Jim Cain and John Stigant of the Americas Petroleum Survey Group held a half day workshop on Geodetics, Datums and Projections as applied to the oil industry. Cain laid down the basics of geodetics for geodetically-naïve end users or programmers. Cain’s clear message is ‘latitude and longitude are not a unique representation of a point on the earth’s surface—but vary according to the geographical coordinate reference system used’.
Lost in space!
Or, putting it in plain English, ‘given latitude and longitude, you do not know where you are’. Errors of the order of a hundred meters or more can come from misunderstandings of geodetic datum. Other pitfalls await the unwary when 3D data is projected onto a 2D map.

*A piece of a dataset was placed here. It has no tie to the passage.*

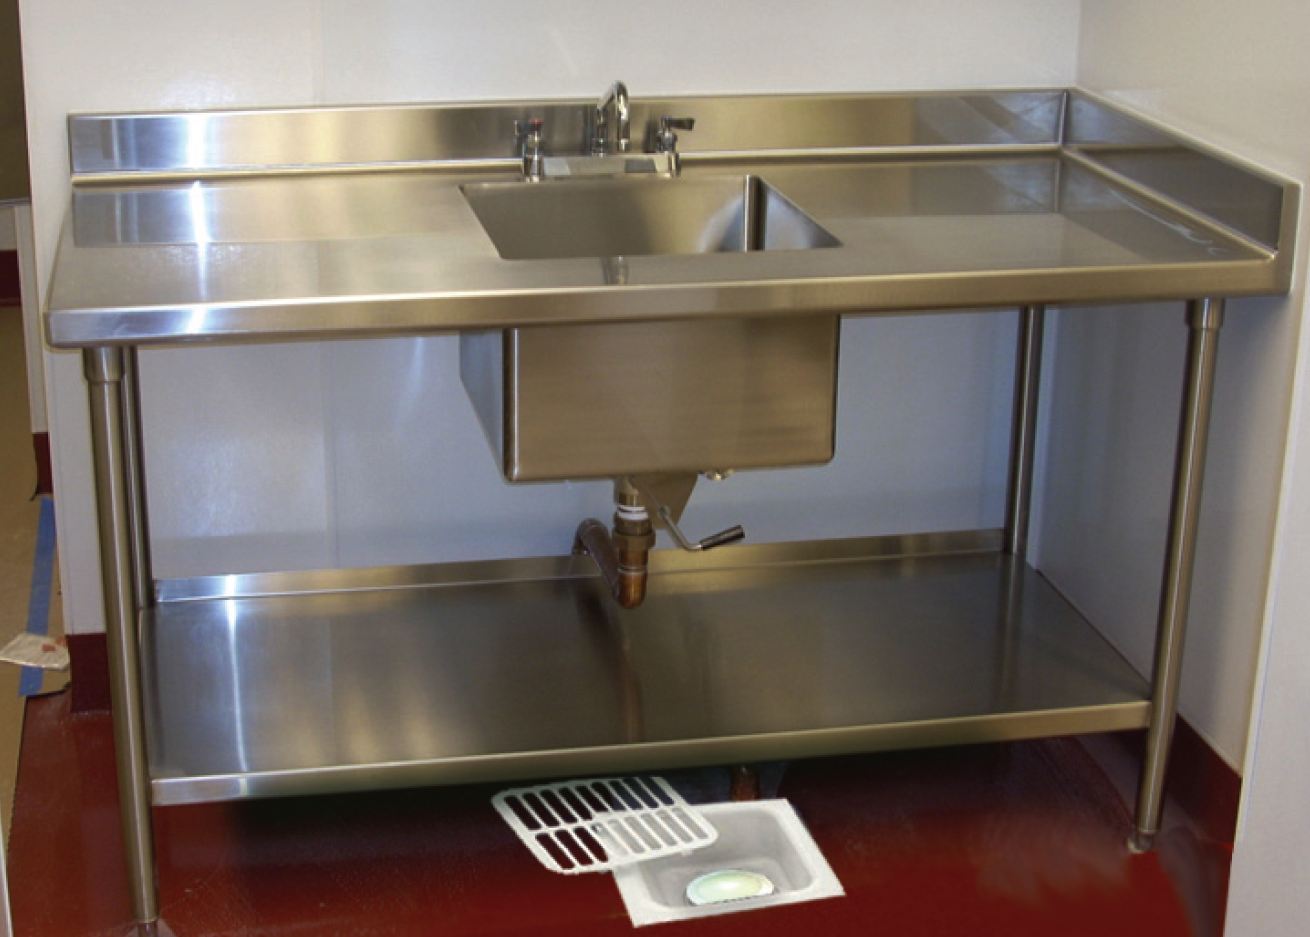 floor sink in commercial kitchen

Stigant ran through the plethora of map projections available—with case histories of projection disasters. ‘People get it wrong all the time—there is a constant need for education, you should always re-check software to make sure that scale factor and declination have been handled properly.’
Beware of software that allows ‘unknown’ datum—a geodetic anathema. Wells pose a delicate problem—a deviation survey records a vast amount of metadata which may or may not be available in a trade context. One recurrent problem is the over zealous re-application of a correction—stressing the need for audit trails.
Pipelines pose another type of mapping problem—accurate knowledge of ellipsoid height and height above mean sea level is required to avoid pumping uphill at unexpected pressure! Another scare story involved the building of a production facility accidentally located on a neighboring property— resulting in a $12 million windfall for the owner! Stigant advises checking and double checking your survey data. If in doubt – get help! Done well, geodetics can be a low cost, high competitive advantage activity. Done badly, they have huge risk potential. The APSG (www.apsg.info) is ready to give this presentation to corporations on request.